Un homme dirait que c'est parce qu'une gazelle ne réfléchit pas, qu'elle ne pense pas aux conséquences de ses actes, mais si vous saviez. Ah ! Si vous saviez ! Les gazelles sont bien plus intelligentes que vous : les gazelles ne tueraient jamais leur prédateur. Car elles sont des proies, et, elles, savent ce qu'est une proie.
L'Homme est une proie qui s'ignore. Quand un homme voit son prédateur, il cherche à le tuer par tous les moyens, sans réfléchir aux conséquences de cet acte. Vous avez, un à un, décimé chaque Dragon, votre prédateur, sans savoir ce que cela allait engendrer. La fin des Dragons est en train de causer la fin des elfes, des nains, des magiciens et de bien d'autres espèces mais cela, votre cerveau est trop primitif pour le prévoir. »
Barn ne comprenait pas ce qui se passait et ne voyait pas où son ancien compagnon voulait en venir. Il se contenta de répondre : « Tu parles comme si tu avais oublié que tu es un homme ».
« Ah ! Tu n'as toujours pas compris, cerveau primitif. Le corps d'un Dragon meurt, mais son âme est immortelle. Quand un Dragon est tué, son âme s'infiltre dans le corps de l'assassin pour attendre son heure, patiemment. Je vois que tu commences à comprendre : l'âme de Smaug a vécu en Barde, son bourreau, puis a suivi sa descendance jusqu'à faire surface. Je suis moi-même un descendant de Barde. Mon corps est celui d'un homme, mais mon âme est bien plus magnifique. Il est temps, mon frère, de rendre aux Dragons ce qui leur appartient. »
En prononçant ces mots, Fêrka planta la lance dans le cœur de Barn.
Au moment où Fêrka planta la lance dans le cœur de Barn, il se passa une chose qu'il n'avait pas prévu et qu'il n'aurait même jamais pu imaginer. Il avait pourtant tout organisé pour que ses plans se réalisent et la mort de Barn était la clef de voûte de son projet. Il faisait ainsi d'une pierre deux coups : il vengeait la mort de Smaug - sa propre mort sous son ancienne forme – et prendrait la tête d'Esgaroth en faisant croire que cela ne l'intéressait aucunement. Les hommes étaient si prévisibles. Ils seraient tout d'abord abattus de voir leur Maître tué par une lance ennemie mais ils ne tarderaient pas à nommer à sa place son lieutenant, celui qui avait toute la confiance de Barn. Tout ceci Fêrka l'avait planifié quelques années auparavant.
Étant jeune, il avait tout d'abord cru être totalement fou quand, au fur et à mesure qu'il grandissait, des souvenirs s'étalant sur plusieurs millénaires avaient refait surface. Des souvenirs qu'un homme ne pouvait avoir. Cependant, ces souvenirs étant ceux d'un seul et même Dragon et se terminant par la mort de celui-ci, il avait cru comprendre ce qui se passait et ce qu'il était vraiment. Jamais il n'eût l'impression d'être le Dragon Smaug : pour lui il était né le jour de la naissance de son corps d'homme, mais il se sentait à l'étroit dans ce corps, limité, et au fond de lui Dragon. Il avait supposé que l'ambiguïté de son identité et de ses souvenirs était probablement due à son changement de forme.
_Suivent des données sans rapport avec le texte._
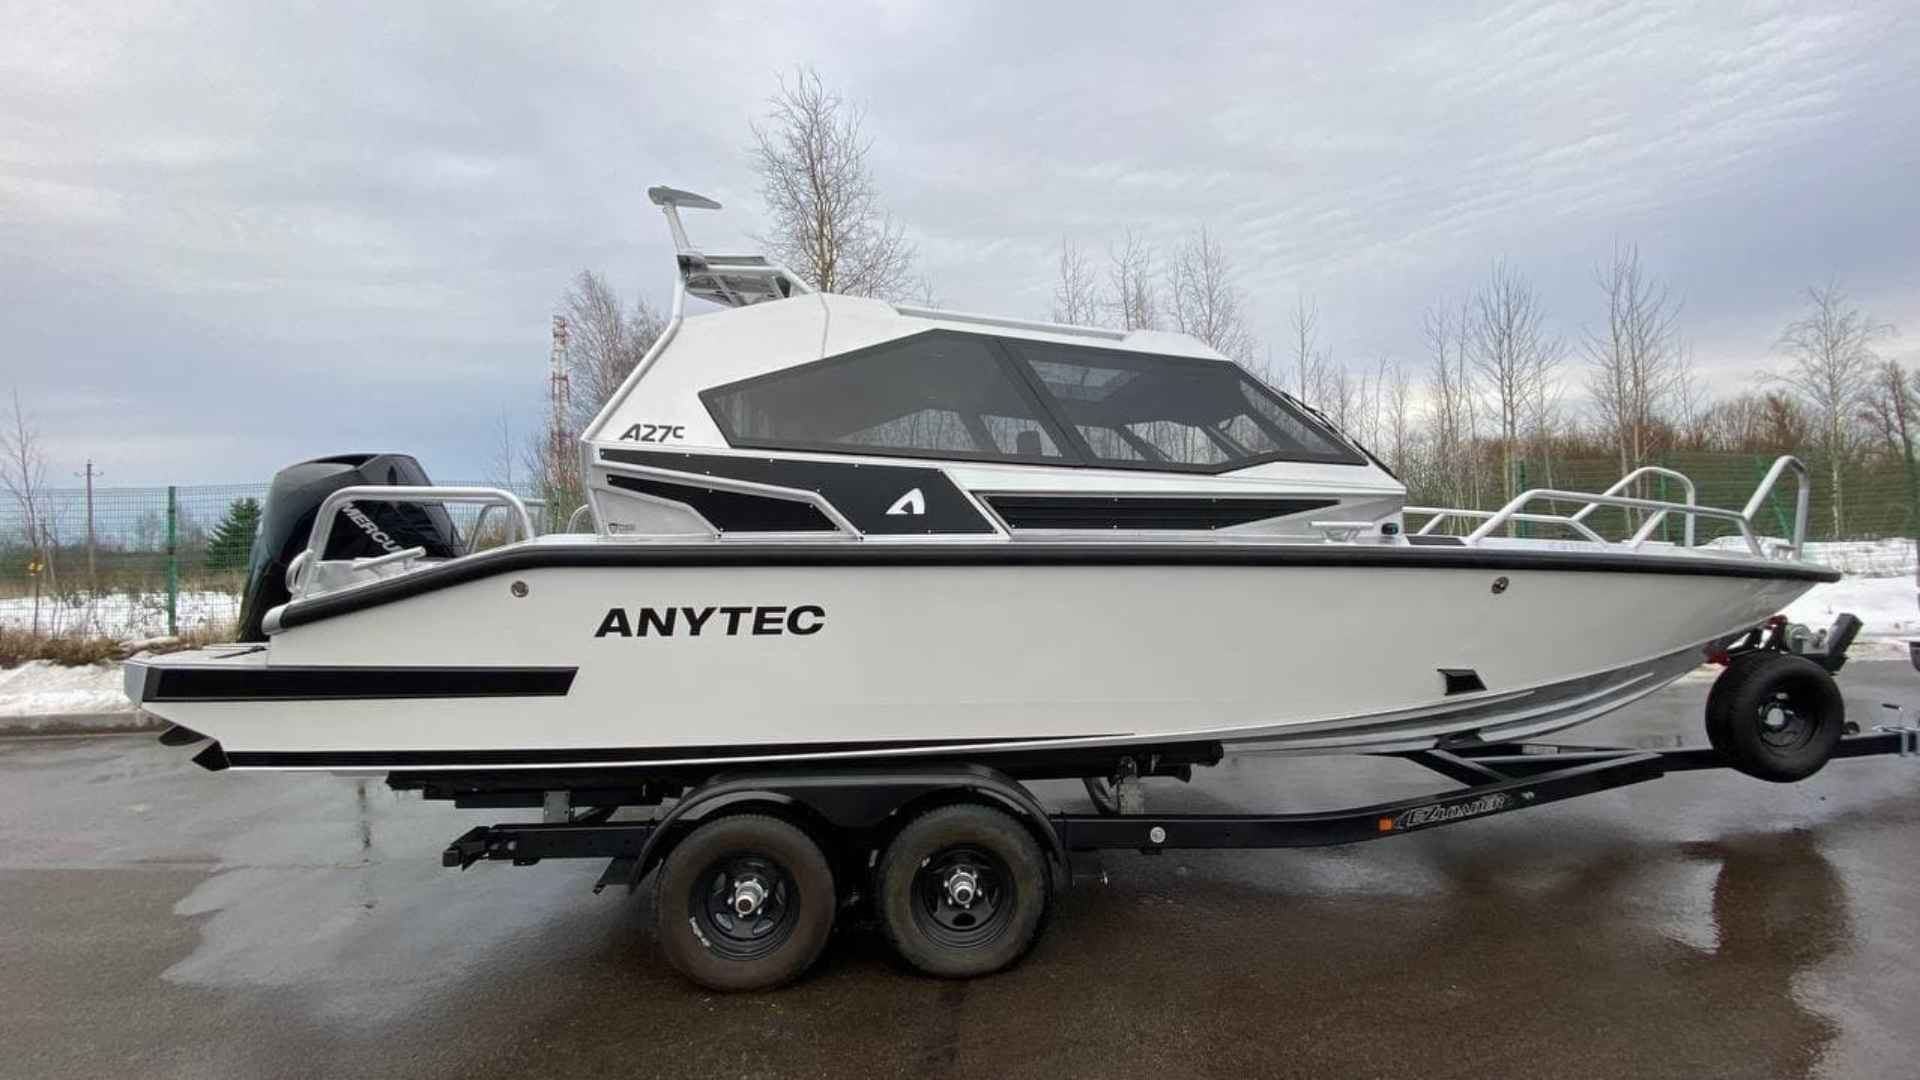 Алюминиевый катер Anytec A27C

Vers l'âge de sept ans, quand tous ses souvenirs millénaires lui furent revenus, il s'était mis en quête d'autres Dragons, visitant tous les antres qu'il avait connus dans son ancienne vie. Les Dragons ont toujours été des êtres solitaires, se croisant en général une ou deux fois par siècle, mais Fêrka n'avait jamais entendu parler d'un Dragon changeant de forme et avait voulu savoir si d'autres Dragons en savaient plus. Ce qu'il avait découvert pendant vingt ans au cours de ses voyages fut des plus morbides et son moral s'était progressivement assombri en même temps que sa haine des hommes avait cru.
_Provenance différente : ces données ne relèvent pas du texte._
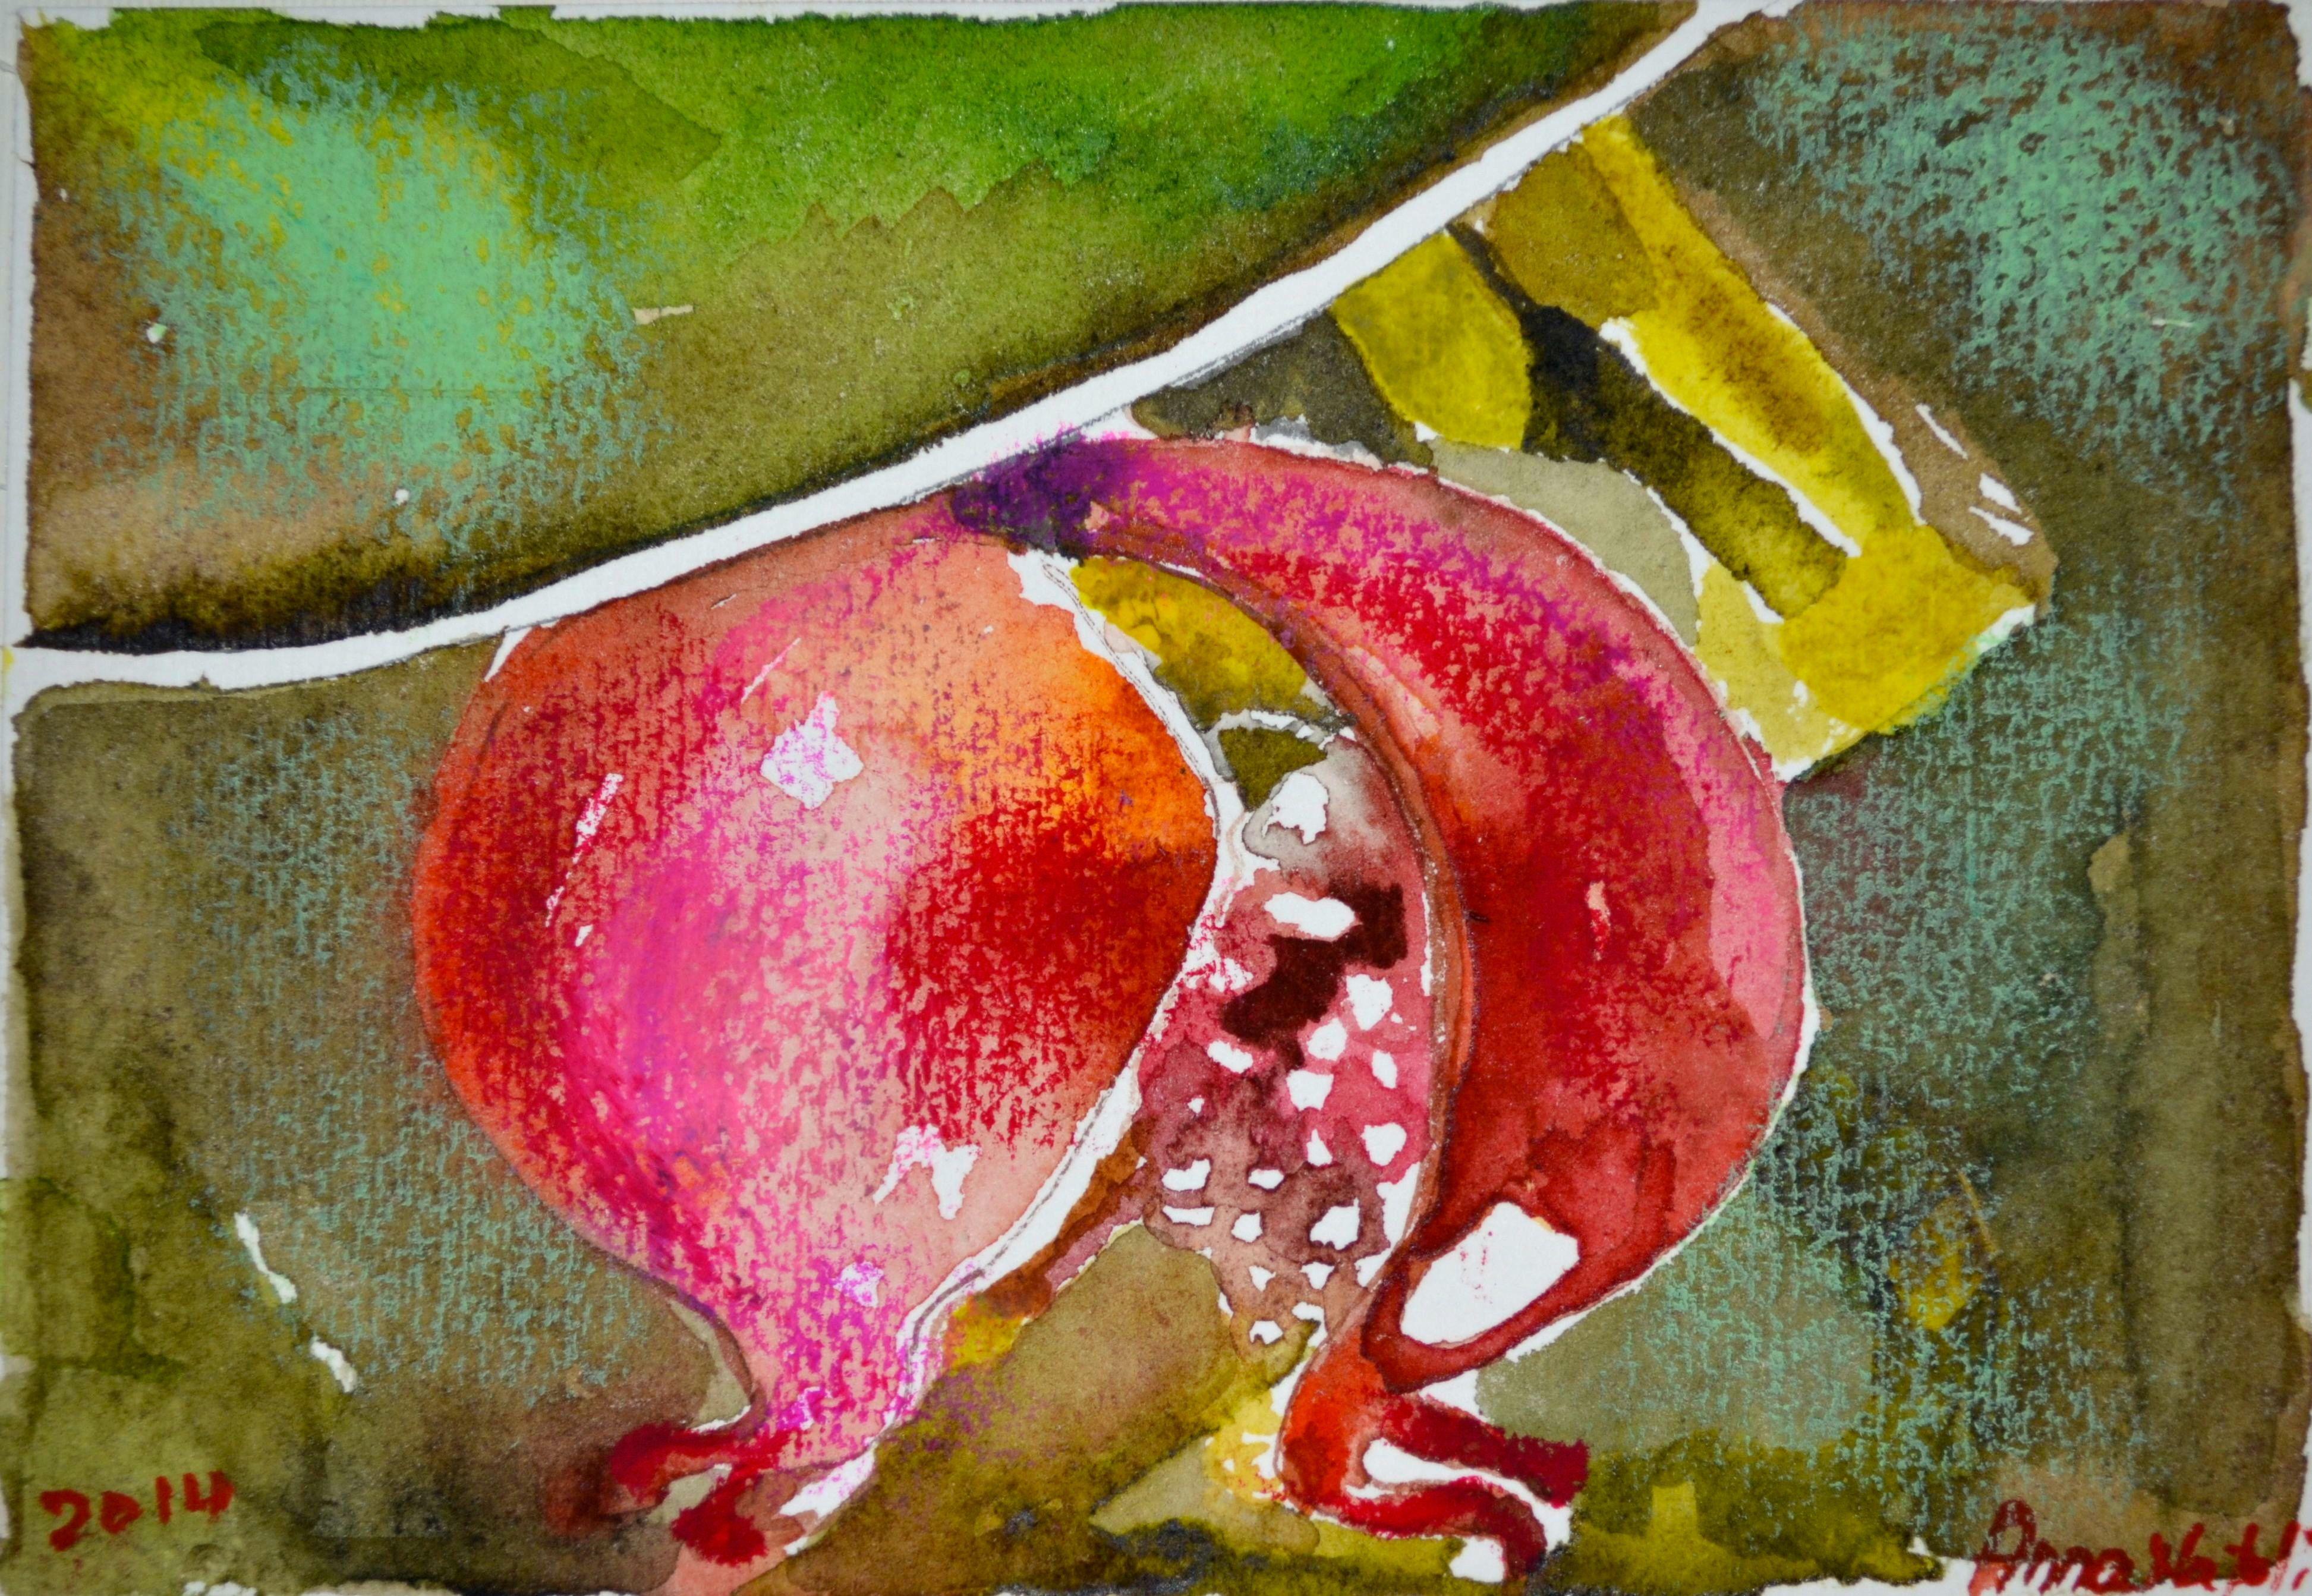 Pomegranate Open

Tous les antres étaient soit vide, soit les vestiges de très anciennes batailles. Nulle part il ne trouva de Dragons encore en vie et les trésors de chacun de ses frères avaient été presque totalement pillés. Il avait entrepris de rassembler le peu de trésor qui restait de tous les Dragons et trouva l'endroit idéal pour cela. Il établit son Sanctuaire dans l'ancien antre de Gîsca, le Dragon Apaisant. Gîsca avait été l'un des seuls Dragon – en tout cas le seul que Fêrka avait connu – à refuser tout conflit et toute violence à l'égard des autres espèces. Pourtant son cadavre était là, au milieu de quelques misérables pièces d'or restantes, entouré de mille flèches et de mille lances. Il était impossible que Gîsca ait pu faire le moindre geste contre les hommes et pourtant ils l'avaient assassiné, comme tous les autres. Rester en ce lieu attisait sa répugnance envers les hommes et, en s'allongeant contre le squelette de Gîsca, au milieu de l'or qu'il avait réussi à réunir, il oubliait son corps et se sentait totalement Dragon.
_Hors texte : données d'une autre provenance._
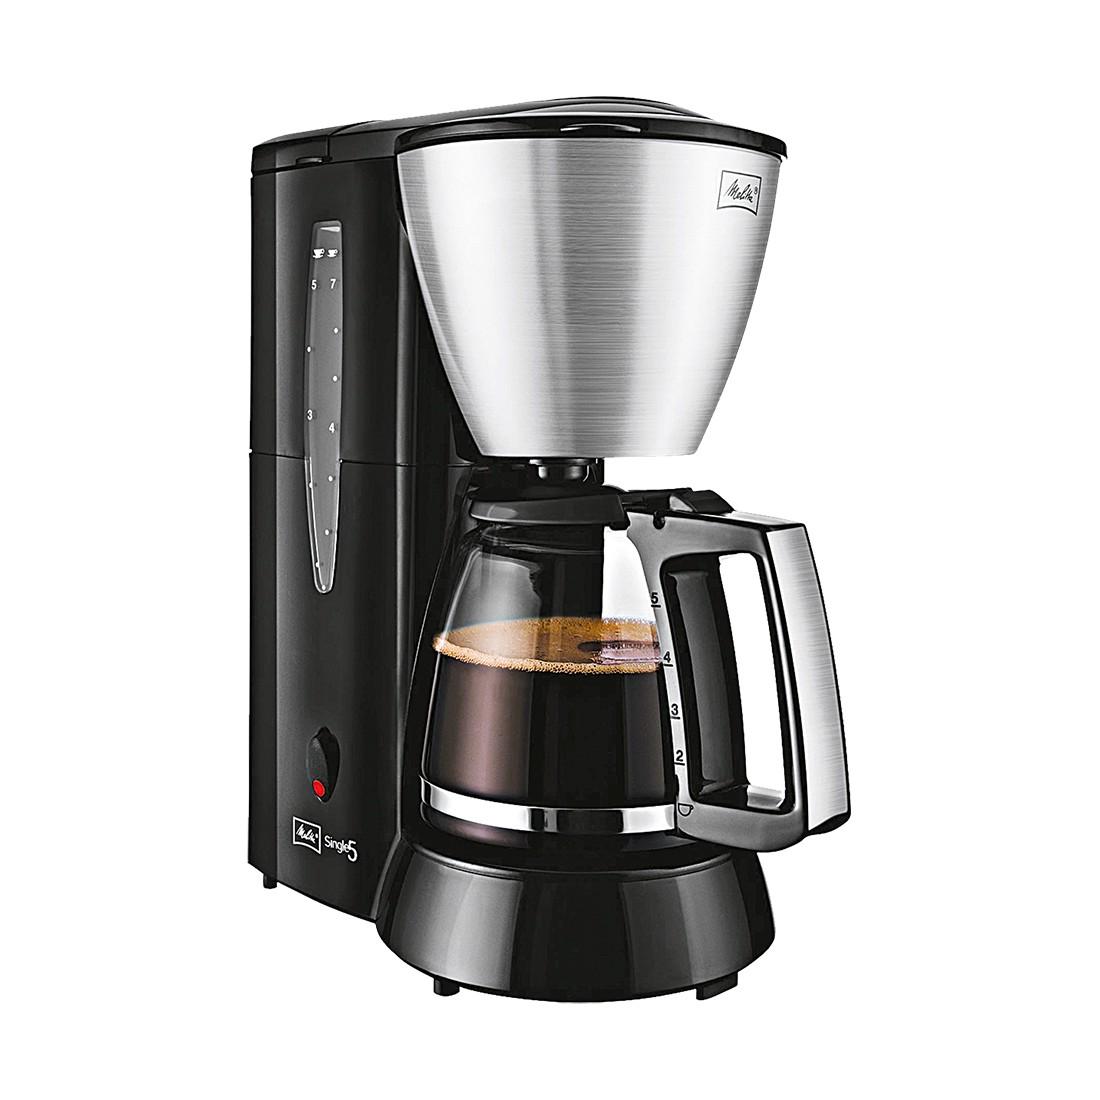 Filterkaffeemaschine Single 5 – Kunststoffgehäuse mit hochwertigen Edelstahl-Elementen – Schwarz-Edelstahl, Melitta günstig bestellen

Pendant plusieurs mois il continua de réunir tout l'or au Sanctuaire. Un jour, il eût l'impression d'être suivi alors qu'il entrait dans l'immense grotte où vivait autrefois Ryûjka, le Dragon Économe. Pourtant cette grotte était la plus difficile à trouver et il faisait toujours bien attention à ne pas être suivi, car avec les siècles les hommes avaient oublié l'emplacement exact des différentes demeures de Dragons. Il fit demi-tour sur quelques mètres mais ne vît rien, à part quelques oiseaux s'envolant sur son passage, et retourna donc à ses affaires dans la grotte. Cette désagréable impression de ne pas être seul était pourtant toujours présente et pendant qu'il remplissait d'or son sac, une voix étrange lui parla :
- Que fais-tu ici ?
Fêrka se tourna en direction de la voix mais il ne pouvait rien voir. La grotte était extrêmement sombre et il se repérait surtout d''après sa mémoire. En tant que Dragon, l'incandescence de son corps avait toujours suffit à éclairer toutes les pièces et il lui arrivait donc très souvent d'oublier de prendre une torche avec ce corps d'homme. Il sentit un courant d'air et la voix reprit, d'un autre recoin de la grotte :
- Qui es-tu ?
- Je n'ai pas à te répondre, dit Fêrka. Je suis ici chez mon frère. Qui donc ose me poser ces questions ? Qui donc ose souiller de sa présence la dernière demeure de l’Économe ?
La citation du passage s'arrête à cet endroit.